→ **Work instruction**
In the records below, find the line with "fragment_size_distribution" and repeat exactly every line from it through the line with "Glass flask, Glass, Roman, Syrian". Pictures stay out.

[Source material]

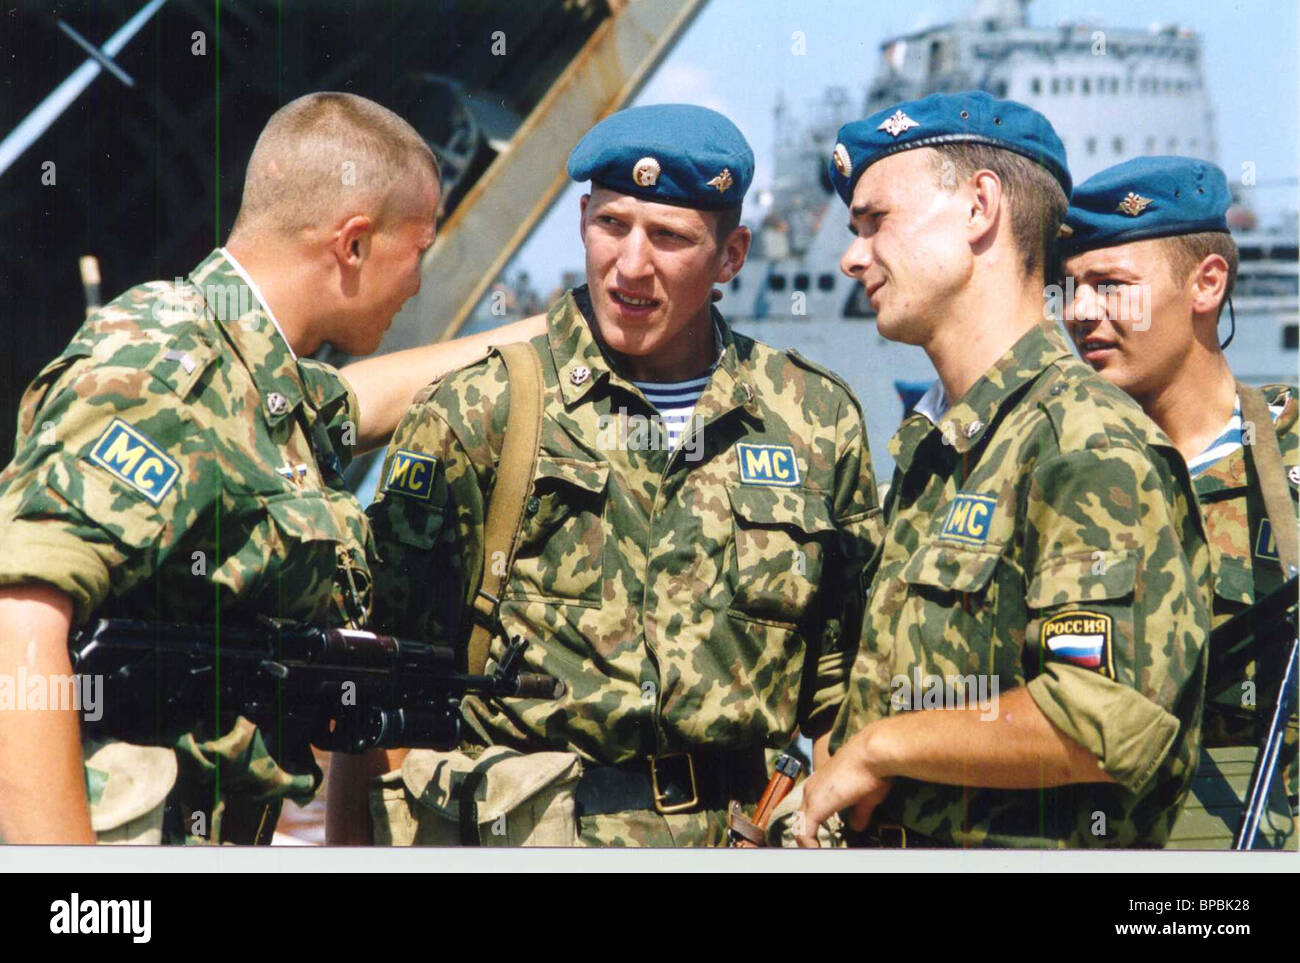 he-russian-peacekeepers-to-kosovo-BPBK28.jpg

[/Source material]
[Source material]

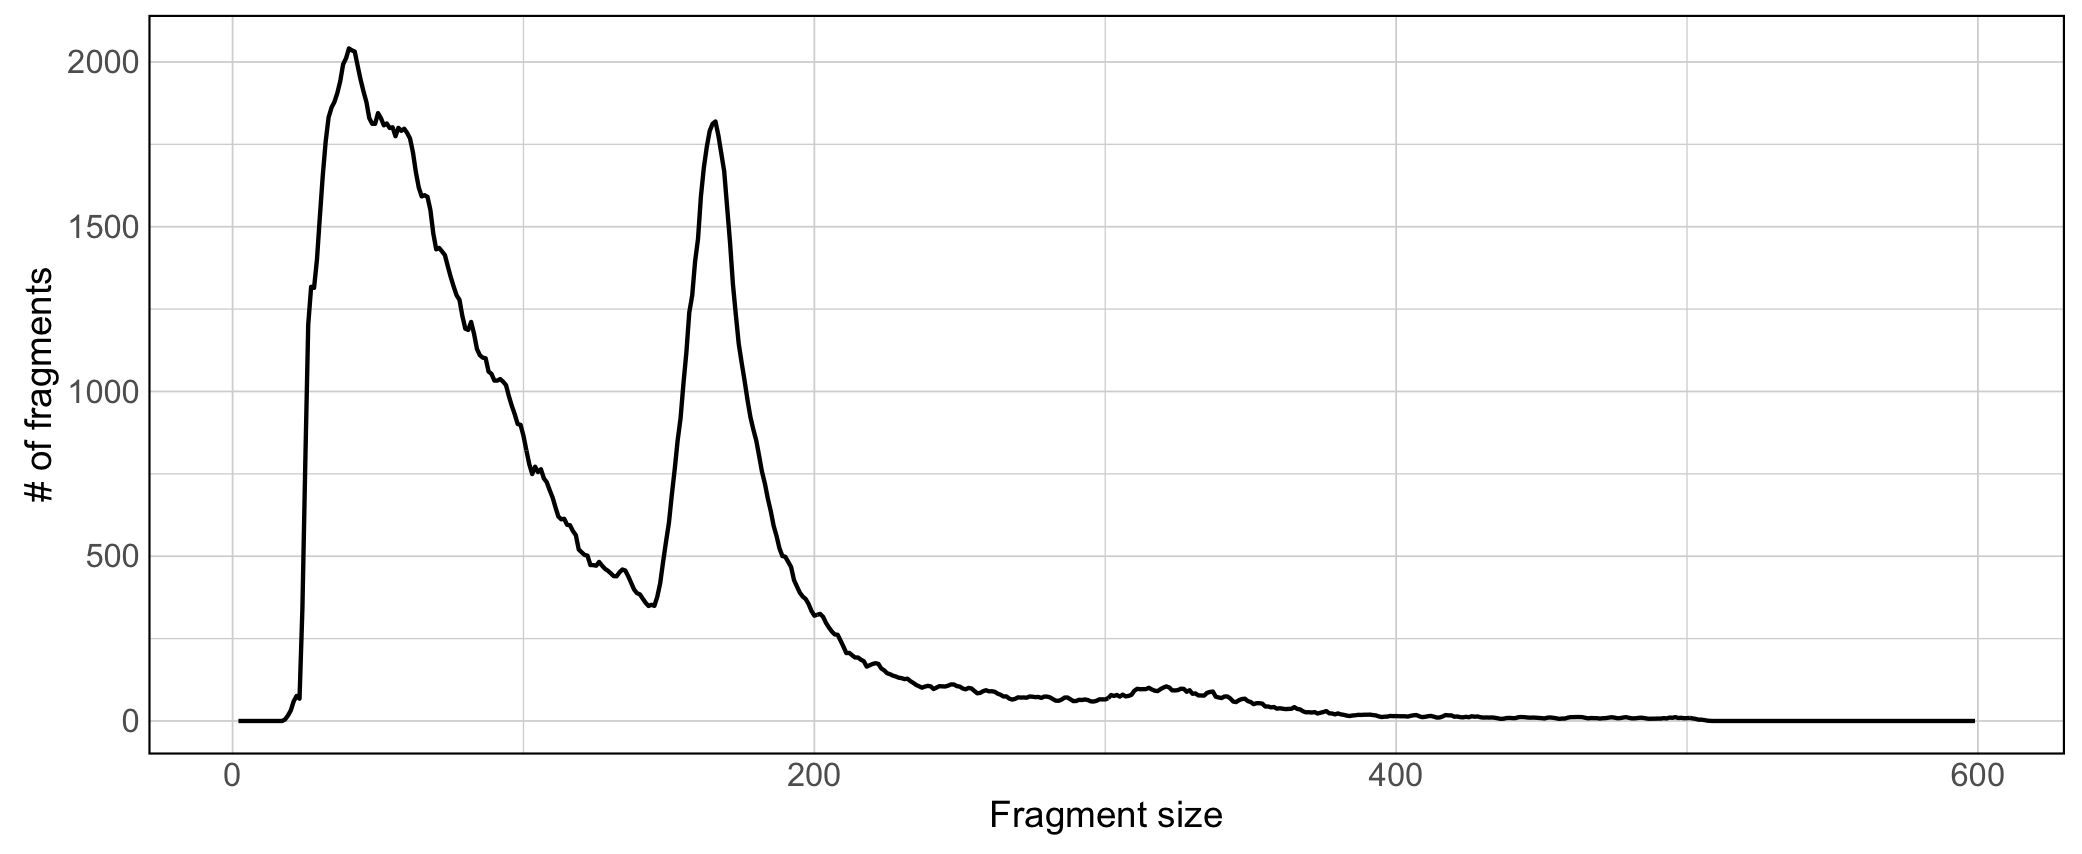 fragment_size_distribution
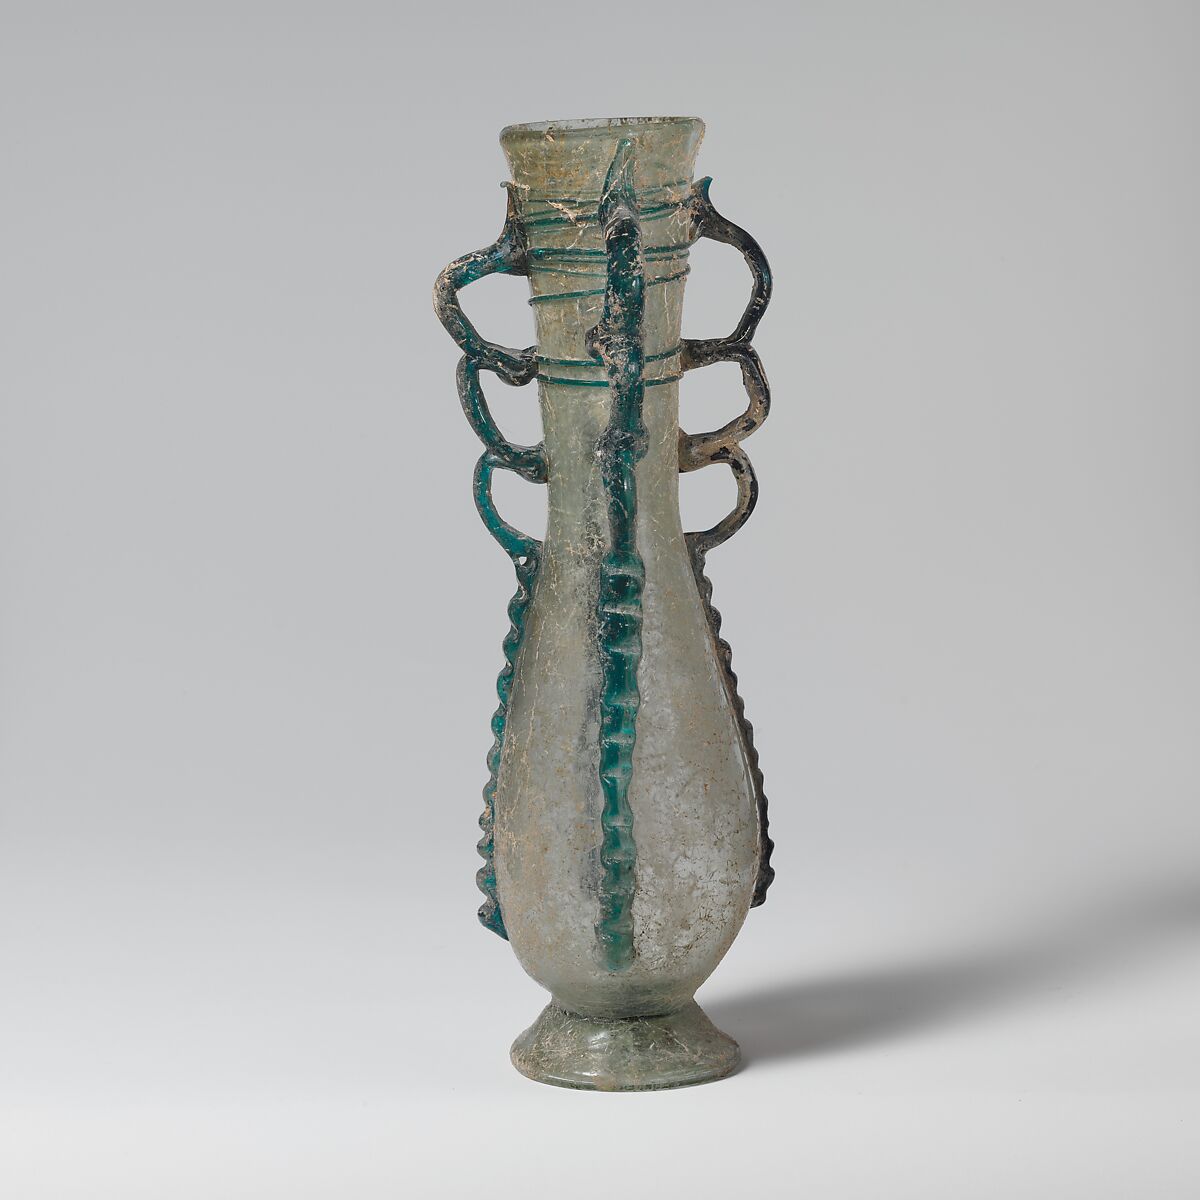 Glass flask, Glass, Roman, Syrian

[/Source material]

→ **Exercise answer**
 fragment_size_distribution
 Glass flask, Glass, Roman, Syrian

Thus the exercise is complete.